While outside of the designed scope, this package is also able to analyze enzyme activity data, which will interest users who generate large in vitro datasets.

Toxdrc is one of the practical outputs of the MSc of Jack Salole, who has returned to the WilsonToxLab for his PhD!

A giant congratulations to Max Hendershot for the publication of his undergraduate research in the WilsonToxLab! Max worked in the lab in summer after his 3rd year and did his 4th year thesis in the lab, before starting his MSc. Max’s research was with former PhD student Andrea Murillo Ramos and in collaboration with former PDF Andrew Thompson. Together, Andrea and Andrew designed a locomotory behavioural assay for our polychaete worms. Max’s project focused on extending this assay from adults into juveniles, which was needed if we were going to use this assay in the long run. Adult worms are large, so the original assay was in petri dishes, and our colony is really female biased, so trying to generate enough males to look at sex effects is super challenging. Instead, we moved the assay to juveniles in a plate based assay, which allows higher throughput.

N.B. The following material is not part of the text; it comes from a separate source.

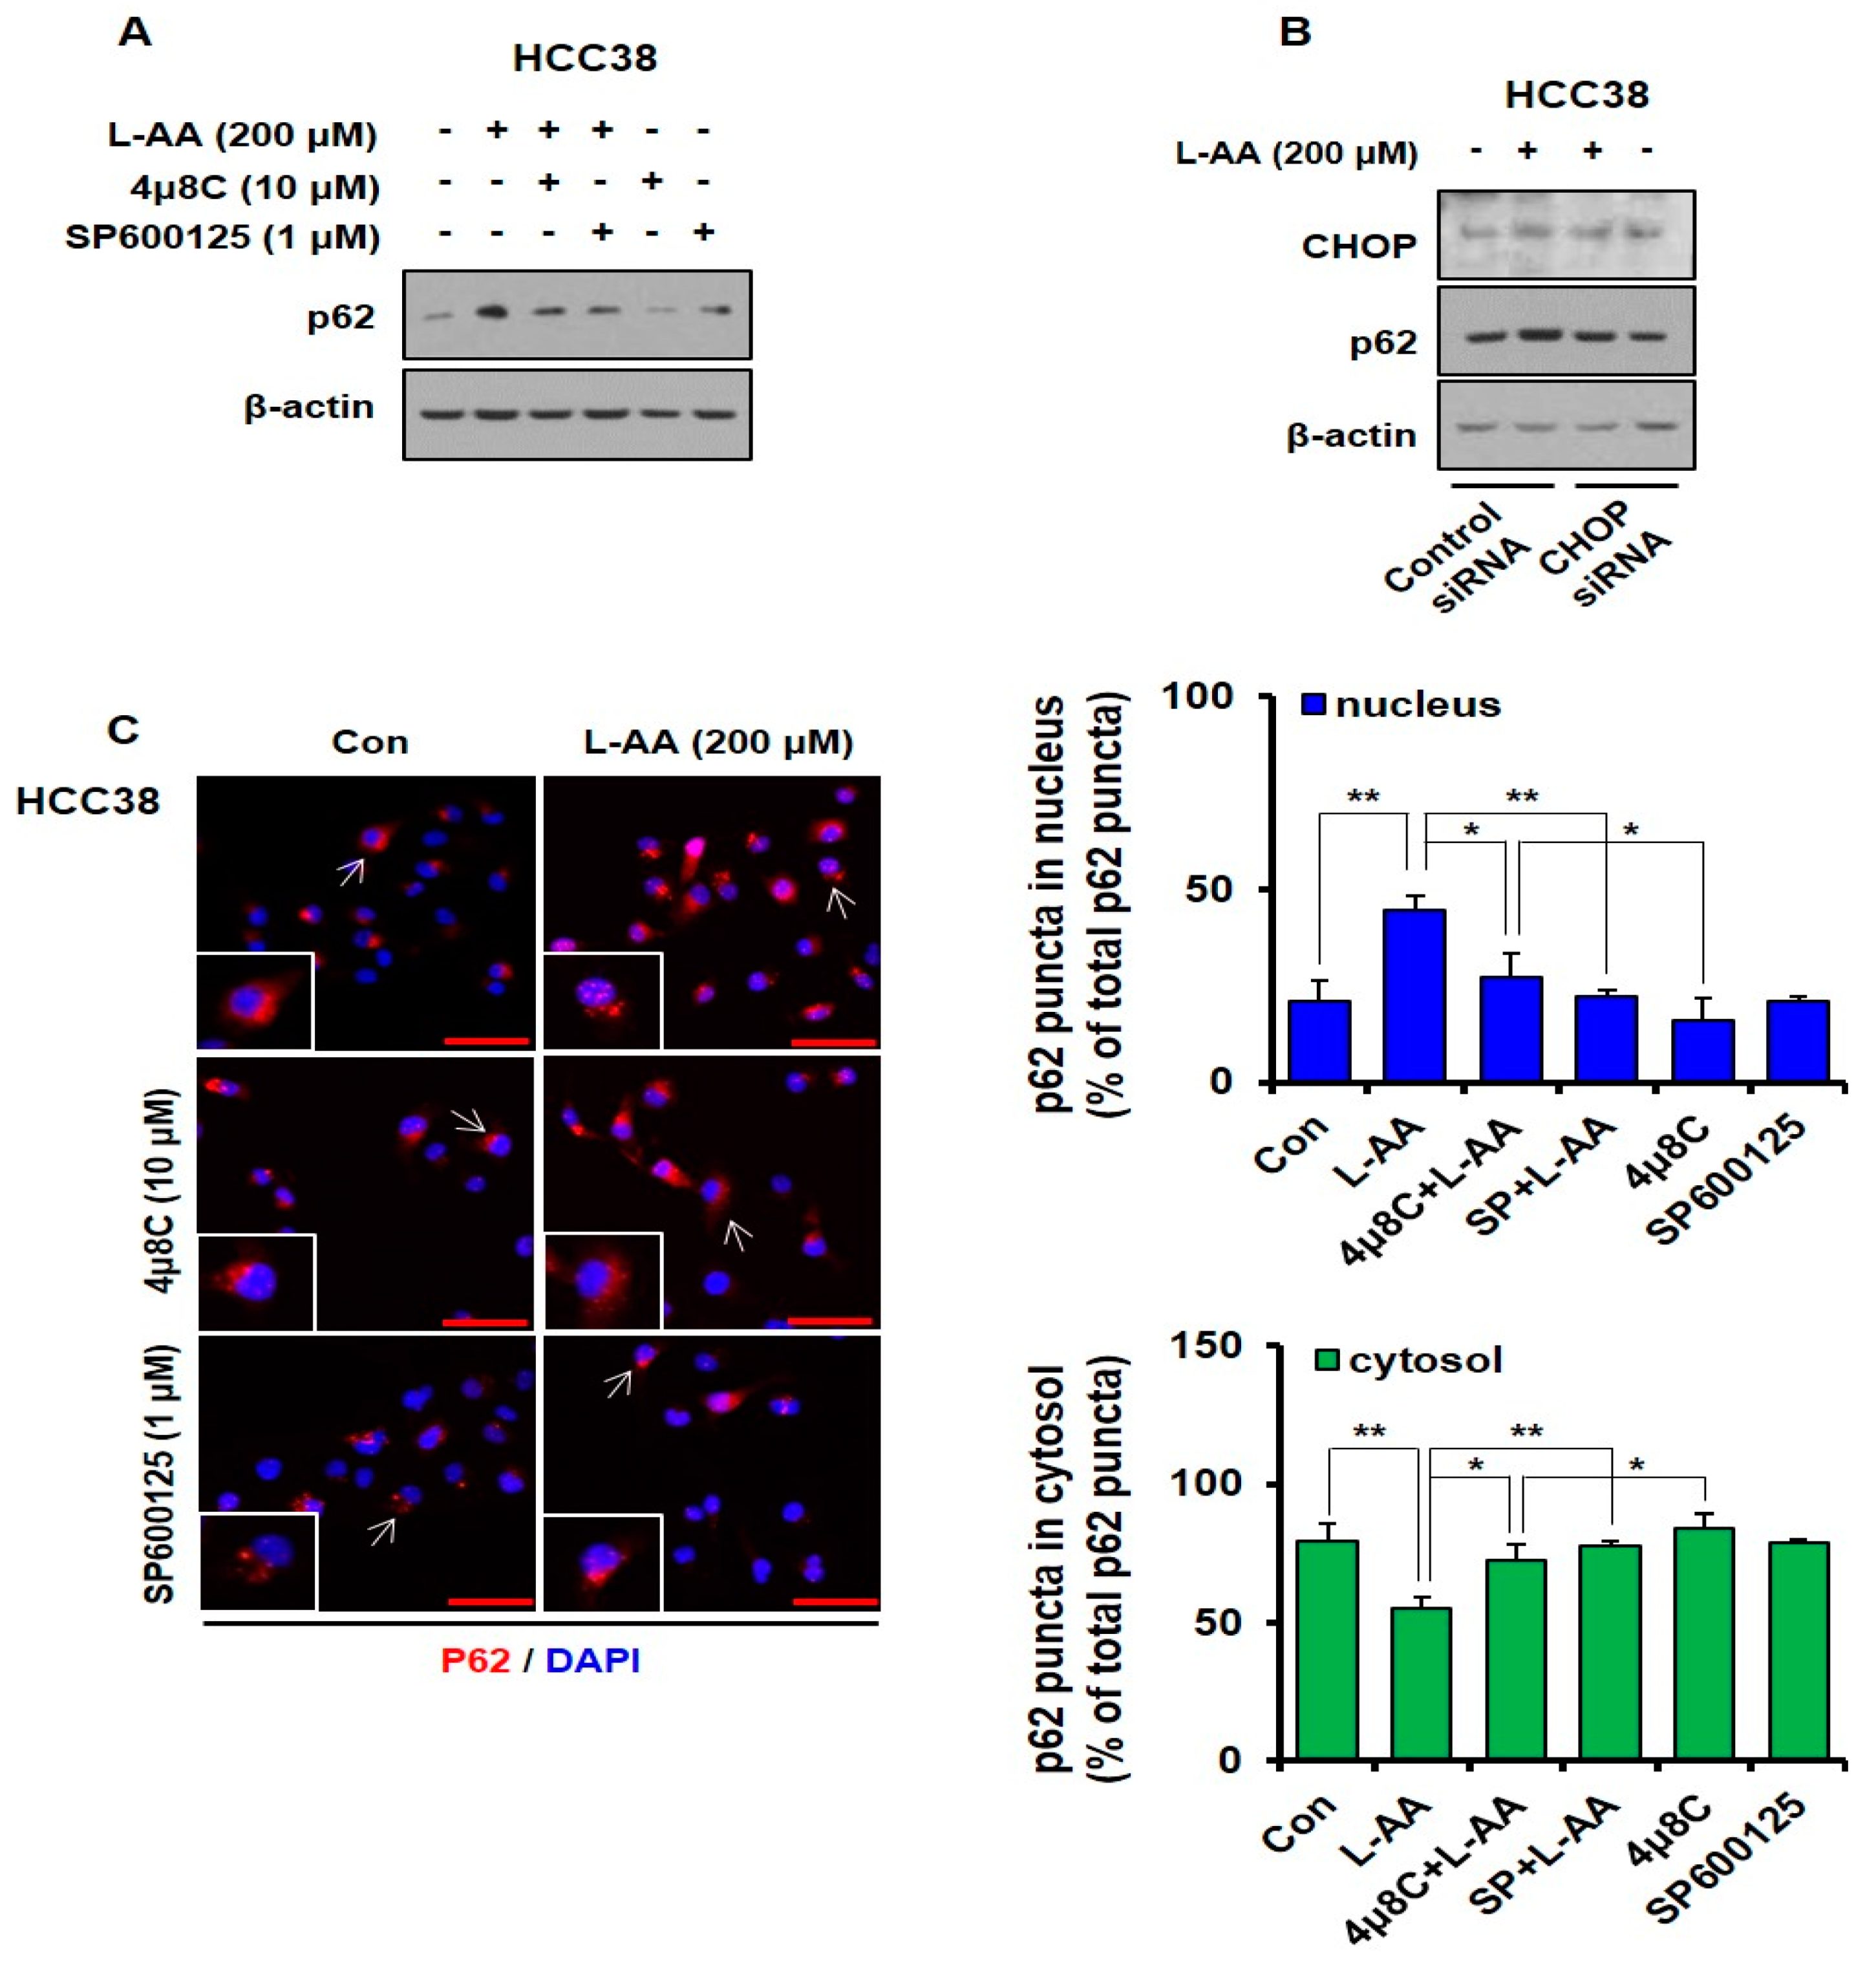 Nutrients Free Full Text L Ascorbic Acid Inhibits Breast Cancer Growth By Inducing Ire Jnk Chop Related Endoplasmic Reticulum Stress Mediated P62 Sqstm1 Accumulation In The Nucleus Html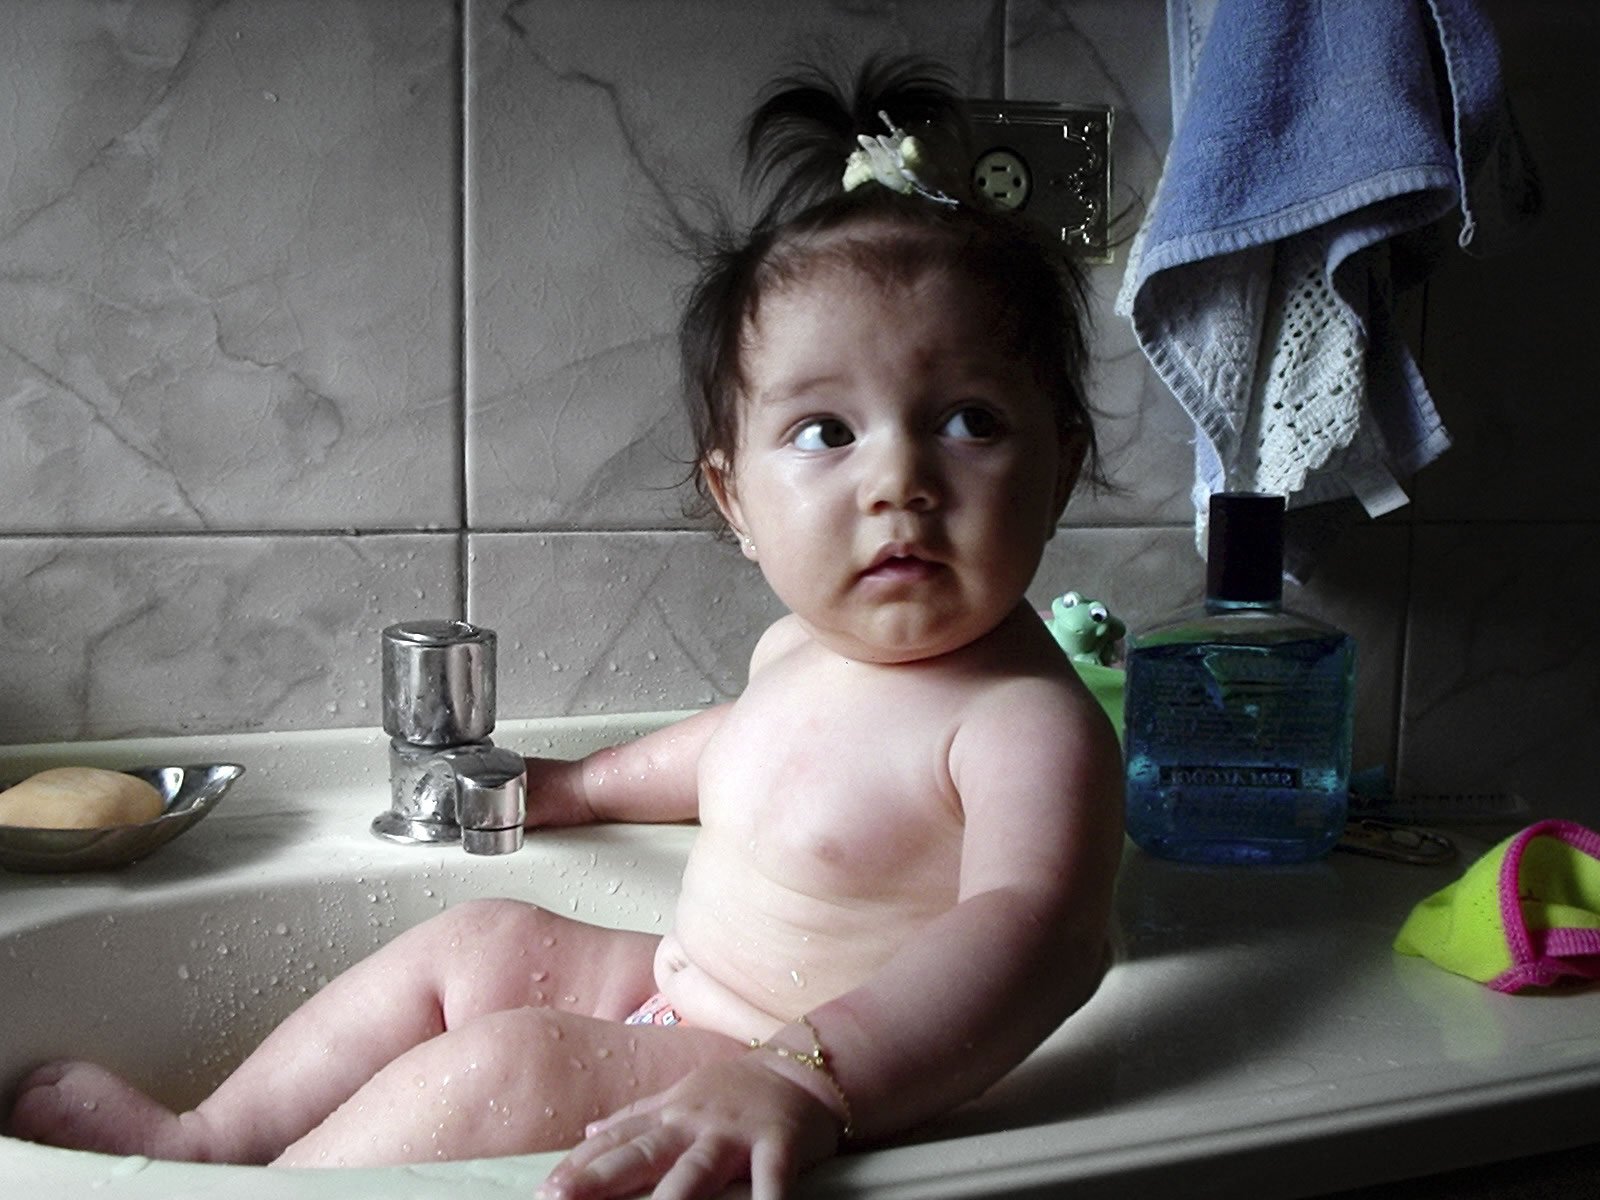 a young baby girl sitting in a white bathroom sink with her hand up

Max’s project focused on trying to understand what neurochemical modulation could alter locomotion, using modulators of the dopamine, serotonin, GABA and acetylcholine pathways. This sets the stage for the lab to consider the impact of environmental contaminants that might alter these pathways. Check out his study “The marine worm Capitella teleta is sensitive to neurochemical manipulation, as revealed via a novel behavioural tool” in the Canadian Journal of Zoology. Its open access!